Department of Medicine, University of California-San Diego School of Medicine, La Jolla, California 92093-0995, USA.
Pharmacotherapy. 2010 Jun;30(6):541-53. doi: 10.1592/phco.30.6.541.
To characterize the properties and natural history of 3-hydroxy-3-methylglutaryl coenzyme A reductase inhibitor (statin)-associated muscle-related adverse effects (MAEs).
Patient-targeted postmarketing adverse-effect surveillance approach coupling survey design with an open-ended narrative.
University-affiliated health care system.
Three hundred fifty-four patients (age range 34-86 yrs) who self-reported muscle-related problems associated with statin therapy.
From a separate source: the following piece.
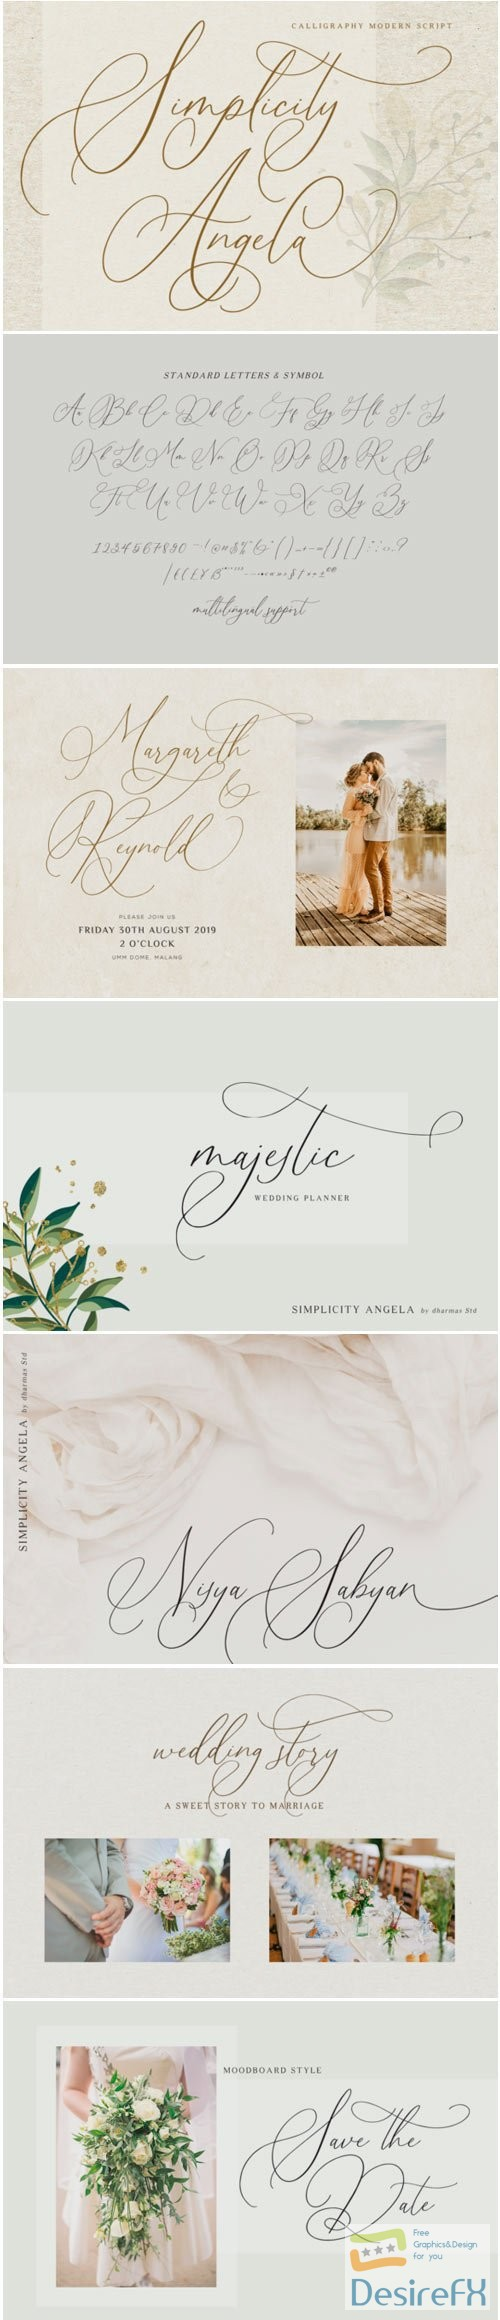 fonts - Simplicity Angela Font

Patients with perceived statin-associated MAEs completed a survey assessing statin drugs and dosages; characteristics of the MAEs; time course of onset, resolution, or recurrence; and impact on quality of life (QOL). Cases were assessed for putative drug adverse-effect causality by using the Naranjo adverse drug reaction probability scale criteria and were evaluated for inclusion in groups for which mortality benefit with statins has been shown. Patients reported muscle pain (93%), fatigue (88%), and weakness (85%). Three hundred patients (85%) met literature criteria for probable or definite drug adverse-effect causality. Ninety-four percent of atorvastatin usages (240/255) generated MAEs versus 61% of lovastatin usages (38/62, p<0.0001). Higher potency statins reproduced MAEs in 100% of 39 rechallenges versus 73% (29/40) with lower potency rechallenges (p<0.01). Time course of onset after statin initiation varied (median 14 wks); some MAEs occurred after long-term symptom-free use. Recurrence with rechallenge had a significantly shorter latency to onset (median 2 wks). The MAEs adversely affected all assessed functional and QOL domains. Most patients with probable or definite MAEs were in categories for which available randomized controlled trial evidence shows no trend to all-cause mortality benefit with statin therapy.
This study complements available information on the properties and natural history of statin-associated MAEs, affirming dose dependence and strong QOL impact. The data indicating a dose-dependent relationship between MAE risk and recurrence suggest lower potency statins or discontinuation may bear consideration for ameliorating symptoms.
描述 3-羟基-3-甲基戊二酰辅酶 A 还原酶抑制剂(他汀类药物)相关肌肉不良事件(MAE)的性质和自然病史。
采用问卷调查设计与开放式叙述相结合的方法,对患者进行靶向的上市后不良事件监测。
大学附属医院医疗系统。
354 名(年龄 34-86 岁)报告他汀类药物治疗相关肌肉问题的患者。
有感知的他汀类药物相关 MAE 的患者完成了一份调查问卷,评估了他汀类药物药物和剂量;MAE 的特征;发病、缓解或复发的时间过程;以及对生活质量(QOL)的影响。使用 Naranjo 药物不良反应概率量表标准评估病例的潜在药物不良反应因果关系,并评估是否符合已证明他汀类药物具有生存获益的组别。患者报告肌肉疼痛(93%)、疲劳(88%)和虚弱(85%)。300 名患者(85%)符合文献中可能或明确的药物不良反应因果关系标准。阿托伐他汀的使用(240/255)产生 MAE 的比例为 94%,而洛伐他汀的使用(38/62)为 61%,差异具有统计学意义(p<0.0001)。更高效力的他汀类药物在 39 次再挑战中有 100%重现 MAE,而较低效力的他汀类药物再挑战中有 73%(29/40)重现(p<0.01)。他汀类药物起始后发病时间不同(中位数 14 周);一些 MAE 发生在长期无症状使用后。再挑战时 MAE 的复发潜伏期明显缩短(中位数 2 周)。MAE 对所有评估的功能和 QOL 领域均有不利影响。大多数有明确或可能 MAE 的患者属于没有他汀类药物治疗全因死亡率获益趋势的随机对照试验证据类别。
本研究补充了他汀类药物相关 MAE 的性质和自然病史的现有信息,证实了剂量依赖性和对 QOL 的强烈影响。数据表明 MAE 风险与复发之间存在剂量依赖性关系,提示较低效力的他汀类药物或停药可能有助于改善症状。